И на святках Емеля не ходил в хоровод, не выворачивал зипуна, не бегал, как прежде, по погосту с ряжеными. Днем был он в лесу, а вечером замкнулся в избе. Сбросив тулупишко, он положил было лучину к светцу, чтобы теплом и светом скрасить жилье, но передумал, не высек огня. Без сна, в думах горячих, кутаясь в дерюгу, провел ночь. Утром, как забрезжил рассвет, собрался он выйти на улицу. Толкнул дверь, она не подалась. Чудно! Нажал сильнее плечом — не скрипит, словно прихваченная наглухо. Догадался — святки. В ночь кто-то залил притвор водой. Затащат дровешки на крышу и поставят их у князька вверх оглоблями, опустят в трубу веник или сноп соломы, приморозят дверь… Ночью постучится краскотер. Ведро у него с болтушкой из золы и сажи. Открой не поопасясь, краскотер мазнет по лицу смоченной в болтушке мочалой. Шутки, игры, ряженые, гаданья девичьи — всем богаты святки.

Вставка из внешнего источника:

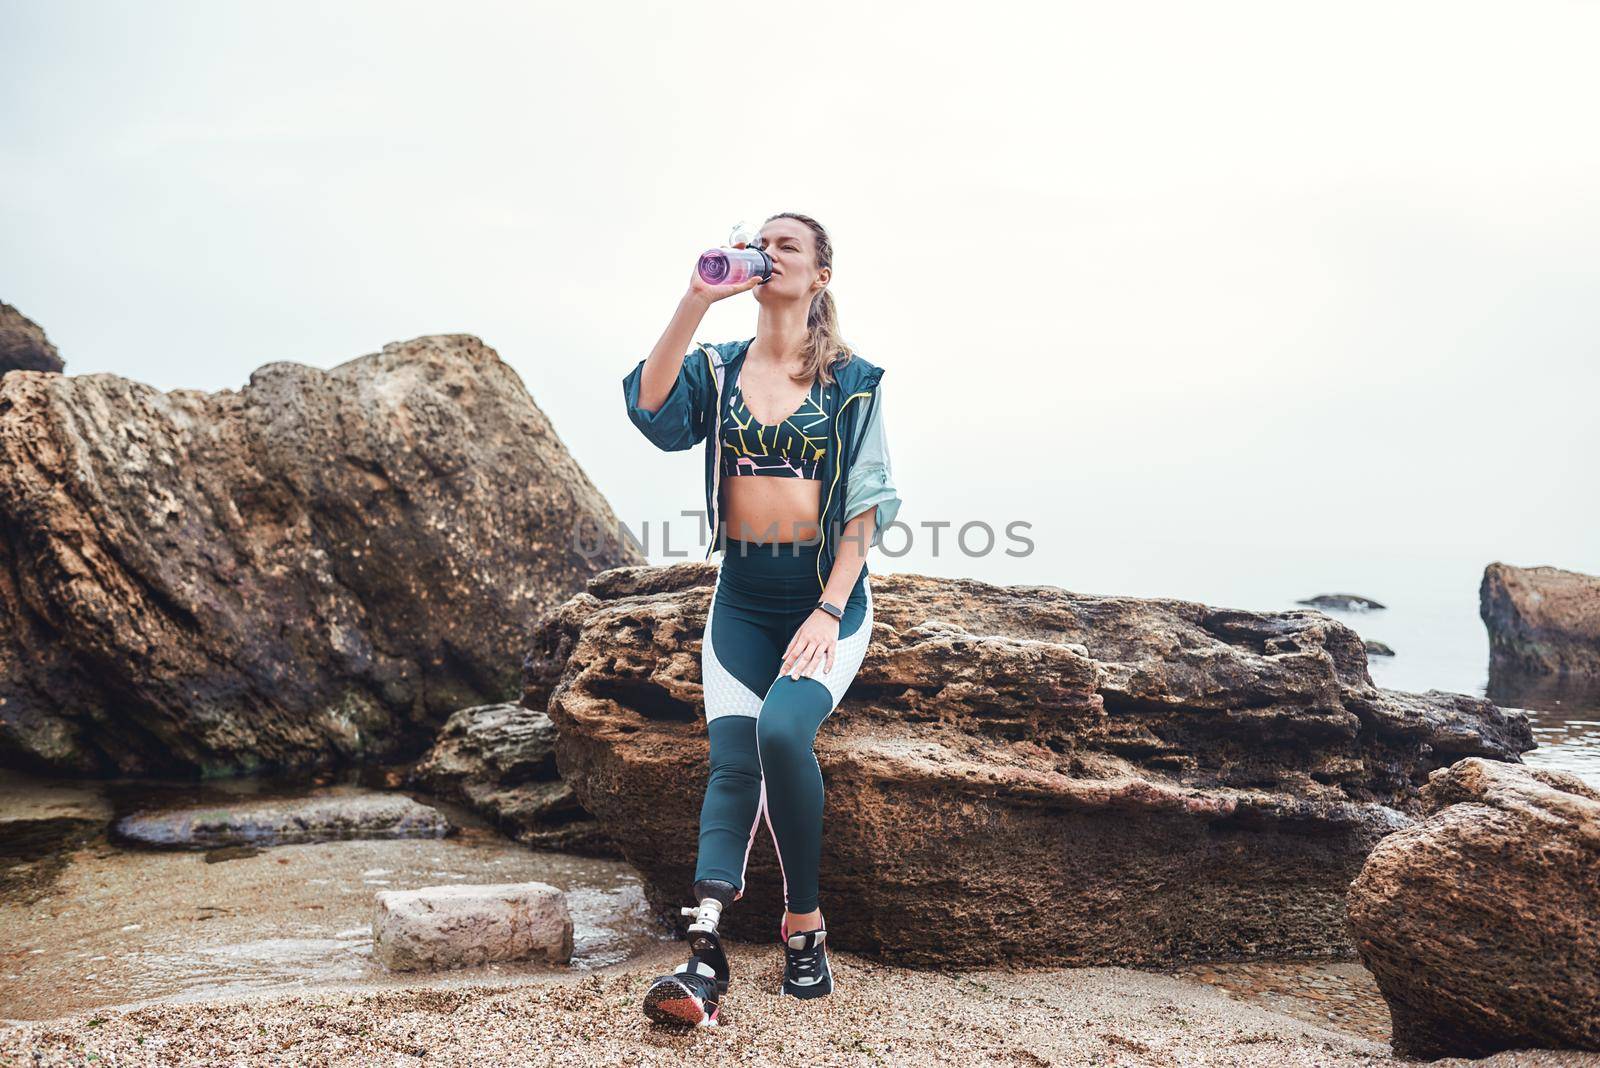 Taking a break. Tired disabled athlete woman with prosthetic leg drinking water while sitting on the stone at the beach. Disabled Sportsman. Motivation. Sport concept. Break concept

Вырубив лед, Емеля открыл дверь. В клети, куда он вышел, растопырилось чучело соломенное. Обряжено чучело в старый-престарый сарафан и повойник; два уголька вместо глаз. Емеля вспыхнул… «Хозяйка»! Подворожили, принесли холостому. Когда б раньше так, при живой матушке, ох и посмеялся бы Емеля. Подкинули молодцу «хозяйку», вправе он спросить у любой девушки на погосте — не она ли несла чучело, не ее ли звать-величать, суженой называть? А нынче? Ему ли судьба искать невесту!
Спустя время, Емеля узнал, что подкинуть ему «хозяйку» уговорила подружек Горынька. Она с подружками и воду лила в притвор, чтобы мороз, удалой молодец, льдом схватил, как железом. Верил и не верил тому Емеля, но спрашивать у девушки, дознаваться о правде не хотел. Не невеста ему Горынька, и он ей не жених.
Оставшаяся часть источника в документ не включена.